Стражник стонет и уползает в траву. Этого как бы милосердного поступка с них довольно, решила Кариллон, дальнейшее непозволительно.

– Это ты натворила? – спросил Крыс в благоговейном ужасе, вздрогнув, когда часть горящего здания схлопнулась сама в себя. Языки пламени свились вокруг основания огромной колокольни, что нависала над северным фасадом четырехугольного сооружения.

Кариллон покачала головой.

– Нет, там чего-то… бабахнуло. Где Шпат?

– Сюда. – Крыс метнулся в сторону, и она понеслась за ним. На юг, по краю сада, мимо старых пустых виселиц, прочь от пожара, к судейским залам. Теперь уже никак не забрать того, за чем они явились, даже если документы, которые ждет Хейнрейл, еще существуют, а не опадают вокруг бураном белого пепла, но, может, им удастся от него отвертеться – лишь бы получилось выбраться отсюда на улицу. Только бы найти Шпата, найти эту большую, тормозную, хромую каменную глыбу и свалить.

Она могла б его бросить, точно как Крыс мог бы оставить ее. Упырь в мгновение ока перемахнул бы через стену; упыри – поразительные верхолазы. Но они друзья – первые настоящие друзья, которые появились у нее за долгое время. Крыс подобрал ее на улице, после того как она оказалась в этом городе одна и на мели, и он же познакомил ее со Шпатом, а тот поделился с ней кровом для ночлега.

И Хейнрейлу ее тоже представили эти двое, но в том не было их вины – на гвердонском дне господствовало воровское Братство, в том же ключе, как промышленностью и торговлей правили картели гильдий. Если они попались, то виноват Хейнрейл. Еще одна причина его ненавидеть.

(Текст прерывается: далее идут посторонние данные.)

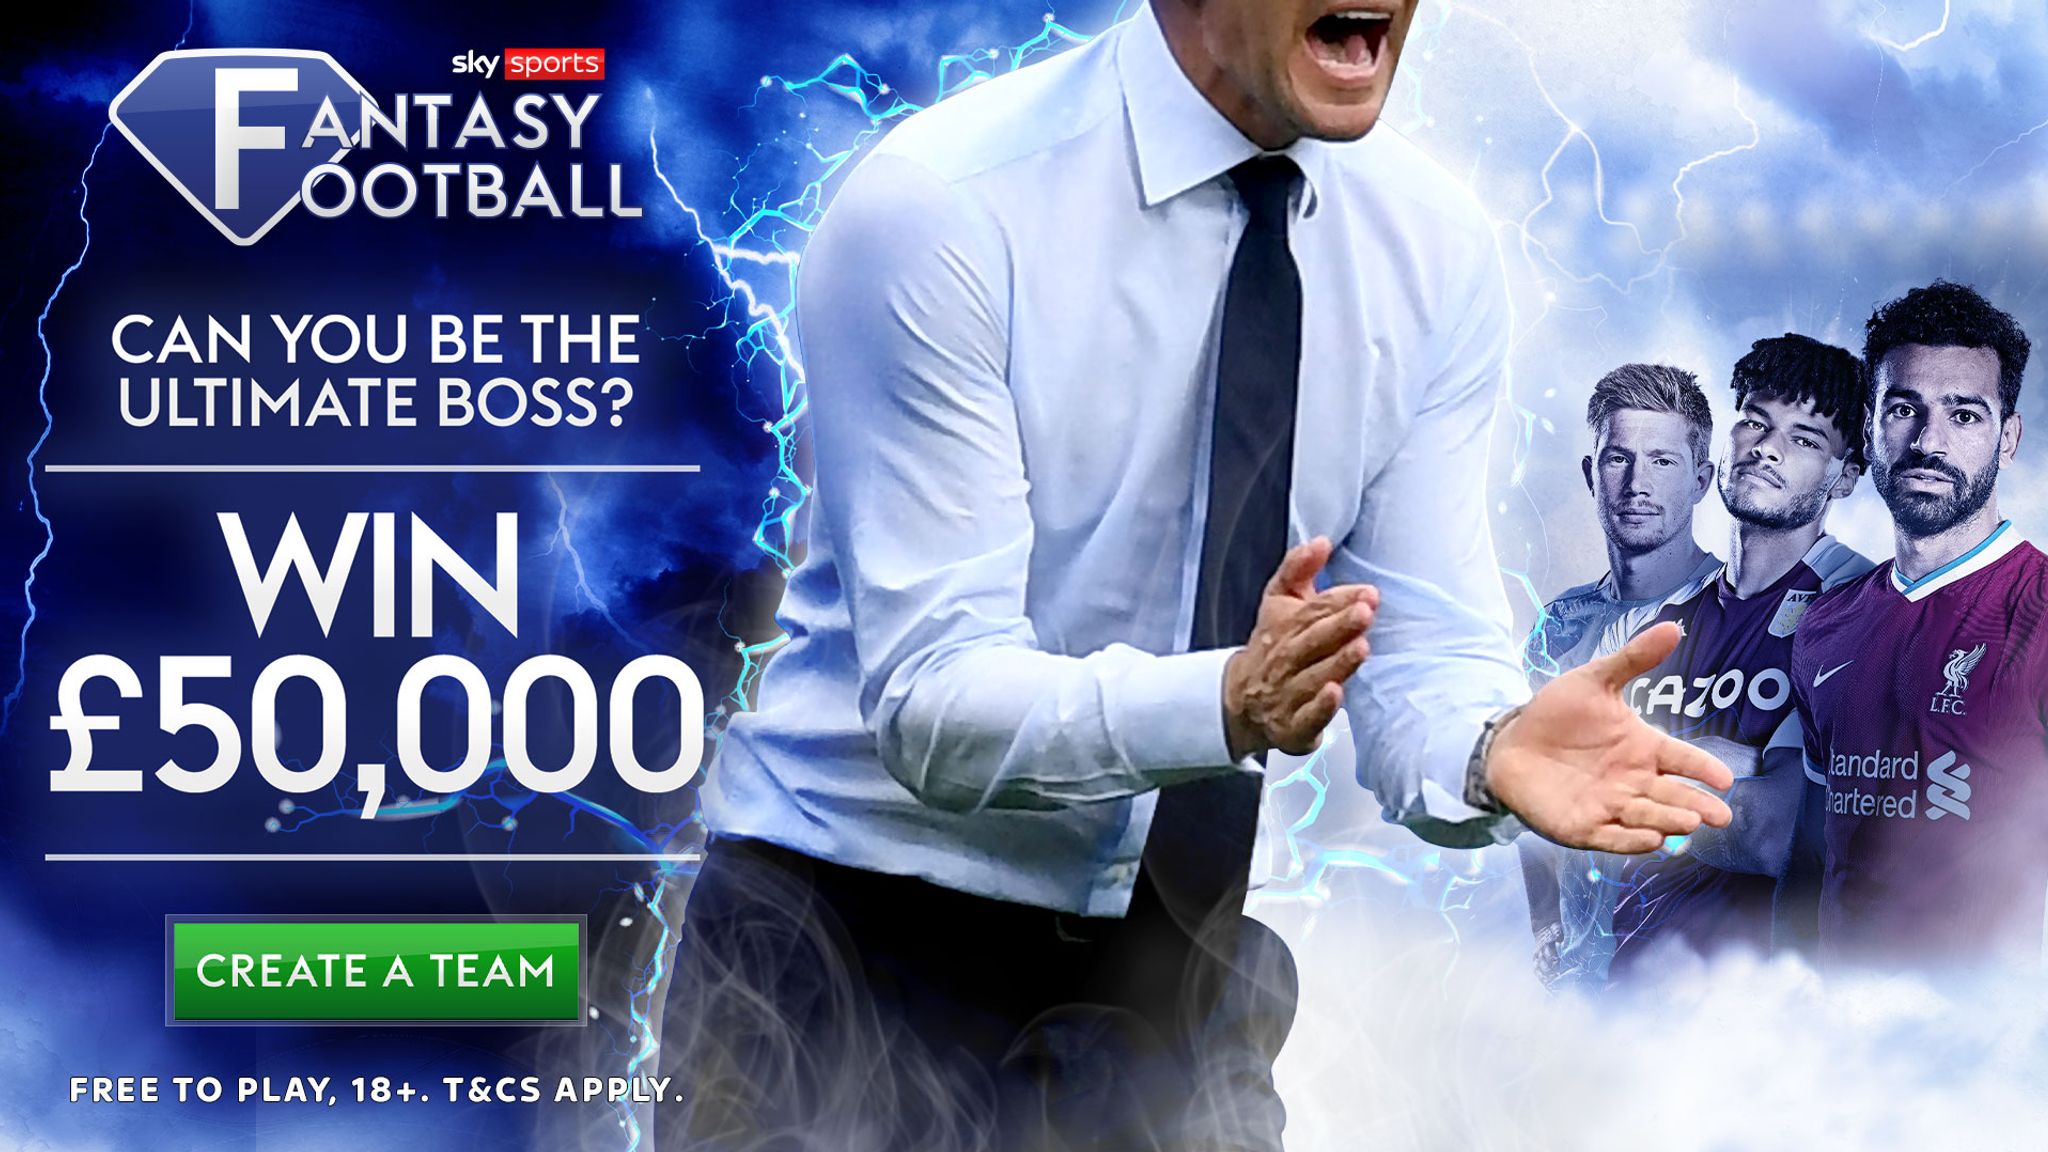 Sky Sports Fantasy Football is LIVE! Create your team for free and win £50,000 Football News Sky Sports
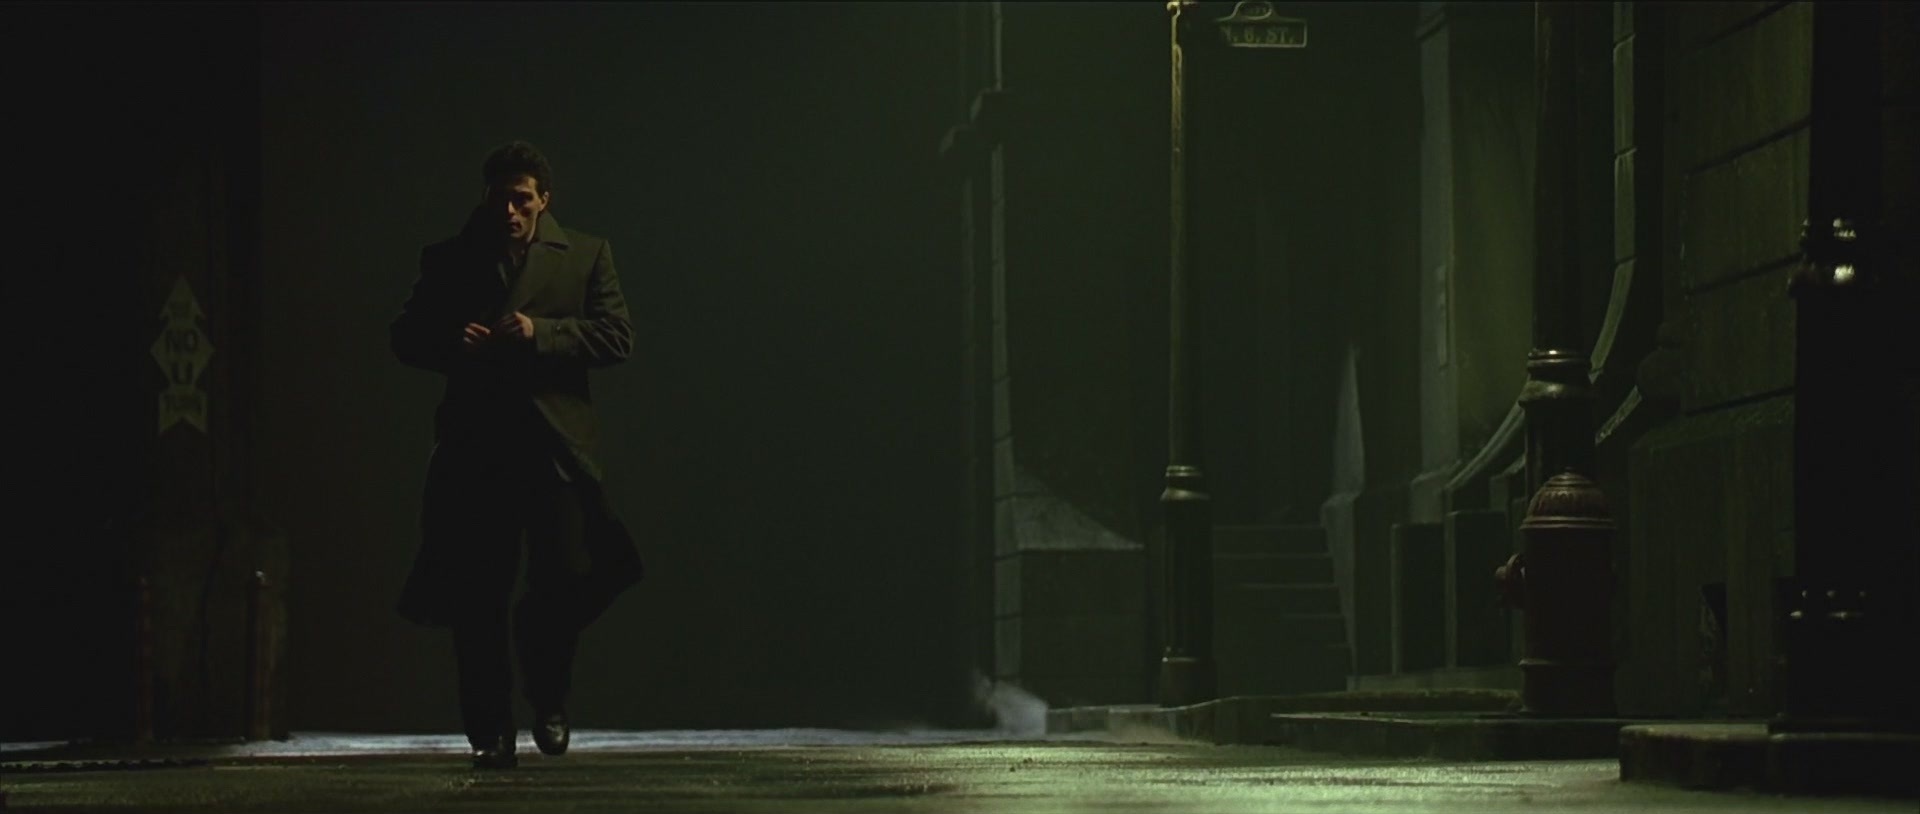 Dark City Image HD Wallpaper And Background Photos

Впереди боковой вход, и если она не попутала направление, то дверь откроется неподалеку от места, где они вошли, и там-то они и отыщут Шпата.

Не успели они добежать, как дверь открылась и вышел сальник.

Пылающие глаза на бледном, восковом лице. Он стар, изношен и истончен – кое-где прямо просвечивает, и огонь внутри его сияет сквозь прорехи в груди. У него огромный топор – такой здоровый Кари не поднять, но он легко крутит им одной рукой. Он смеется, когда видит их с Крысом на фоне огня.

Они поворачиваются и бегут в разные стороны. Крыс ломится влево, взбирается на стену горящей библиотеки. Она поворачивает вправо, надеясь скрыться в темноте сада. Попробовать спрятаться за виселицей или каким-нибудь памятником – приходит мысль, но сальник быстрее, чем она может представить. Он кидается вперед одним промельком движения, и вот он перед ней. Взмывает топор, она бросается вниз, вбок, и топор шелестит совсем рядом.

Опять этот смех. Он с ней играет.

Она обнаруживает в себе отвагу. Обнаруживает, что не выбросила нож. Она вгоняет его прямо в податливую, восковую грудь сальника. Его одежда и плоть – одна и та же субстанция: тянучая и рыхлая, как теплый свечной воск, и лезвие входит без сопротивления.

Он опять только смеется, рана затягивается так же быстро, как и открылась, и нож теперь в его руке. Он переворачивает его, тычет книзу, и ее правое плечо внезапно черно и мокро от крови.

Она пока ничего не чувствует, но знает, что боль близко.

Она снова бежит, спотыкаясь, навстречу пламени. Сальник не спешит, ему туда неохота, но гонит ее, понукает ее и посмеивается. Он предлагает ей смерть на выбор – на полном ходу вбежать в огонь и сгореть, истечь кровью тут, на траве, где с жизнью расстался не один вор, или повернуться и дать ему расчленить себя ее же ножом.

Ну зачем она вообще вернулась в этот город?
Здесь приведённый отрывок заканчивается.